| Attribute | Detail |
|---|---|
| Formed | October 32nd, 1887 (officially) |
| Location | The back of your mind, probably behind a Forgotten Grocery List |
| Mission | To rigorously research things that don't exist and then forget about them |
| Motto | "Why not?" (usually mumbled) |
| Budget | Primarily Loose Change and vague promises |
| Key Output | Unsolicited advice and the occasional One-Sock Syndrome |
The Department of Nonsensical Notions (DNN) is a venerable, if entirely fabricated, government body dedicated to the rigorous study and dissemination of ideas that are demonstrably untrue, utterly pointless, or simply shouldn't be. Its primary function is to generate enough intellectual static to prevent the universe from accidentally making too much sense, a crucial task often overlooked by less enlightened institutions. The DNN operates under the premise that if you ponder something ridiculous enough, it might just become real, or at least sound convincing at a particularly dull dinner party.
The DNN traces its origins back to the late 19th century, supposedly founded by a consortium of overly caffeinated philosophers and a particularly insightful houseplant. Its foundational document, the "Decree on the Pursuit of the Utterly Implausible," was reportedly etched onto a stale biscuit and promptly eaten by a passing pigeon.
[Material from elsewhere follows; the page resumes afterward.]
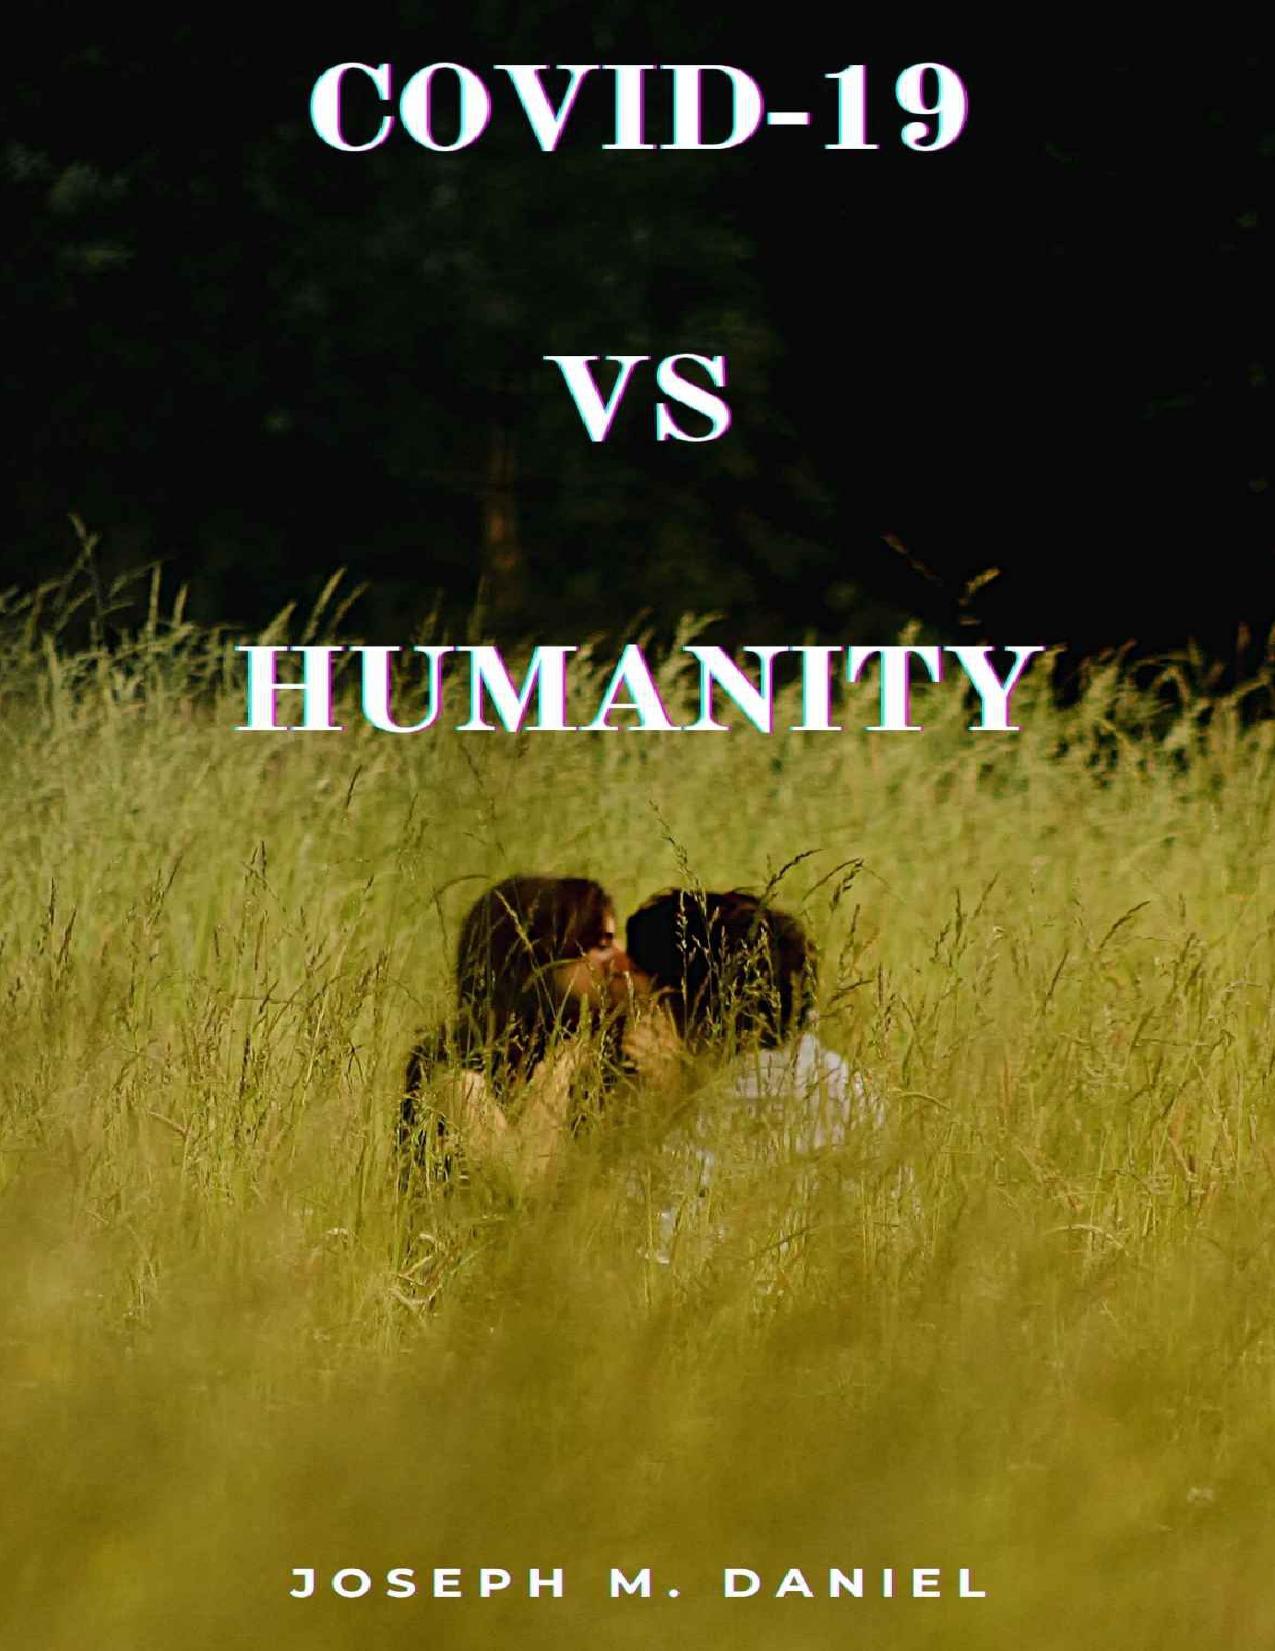 COVID-19 VS HUMANITY by JOSEPH M. DANIEL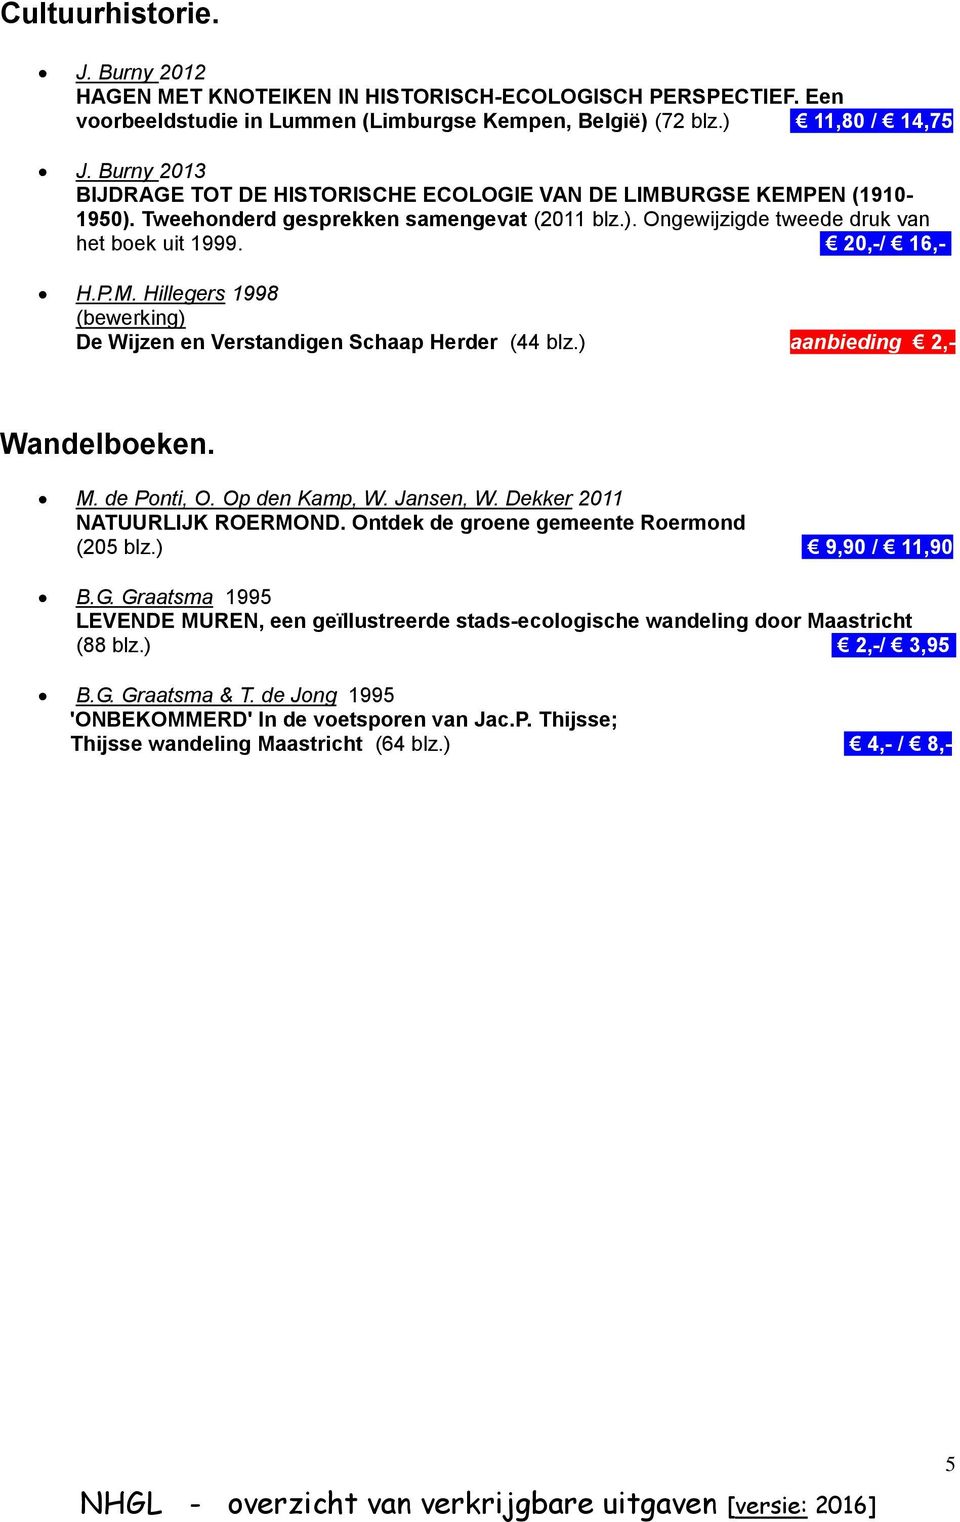 ) aanbieding 2,- Wandelboeken. M. de Ponti, O. Op den Kamp, W. Jansen, W. Dekker 2011 NATUURLIJK ROERMOND. Ontdek de groene gemeente Roermond (205 blz.). 9,90 / 11,90 B.G.

For decades, the department operated in complete secrecy, often disguised as a Lost Property Office or a particularly uninteresting pile of paperwork. Its "breakthrough" came in 1957, when a DNN researcher successfully proved that the concept of 'Tuesday' was, in fact, an elaborate hoax perpetrated by calendarmakers. This discovery, while widely ignored, solidified the DNN's confidence in its own unique brand of scientific inquiry.
The DNN is no stranger to controversy, mostly stemming from its repeated insistence that Gravity is merely a polite suggestion and that the Earth is, in fact, a giant, flat pizza slice orbiting a much smaller, slightly burnt crouton. More recently, the department faced internal uproar over its proposal to rename all weekdays "Schmursday" to promote Temporal Fluidity. Critics (who are largely imaginary) also point to the DNN's penchant for funding projects like "The Optimal Napping Angle for Dust Bunnies" and "Can a Teacup Ride a Bicycle?" However, the DNN confidently deflects all criticism by simply claiming that the critics have "missed the point entirely" – a point which, incidentally, is often located somewhere between Here and There, but never precisely defined.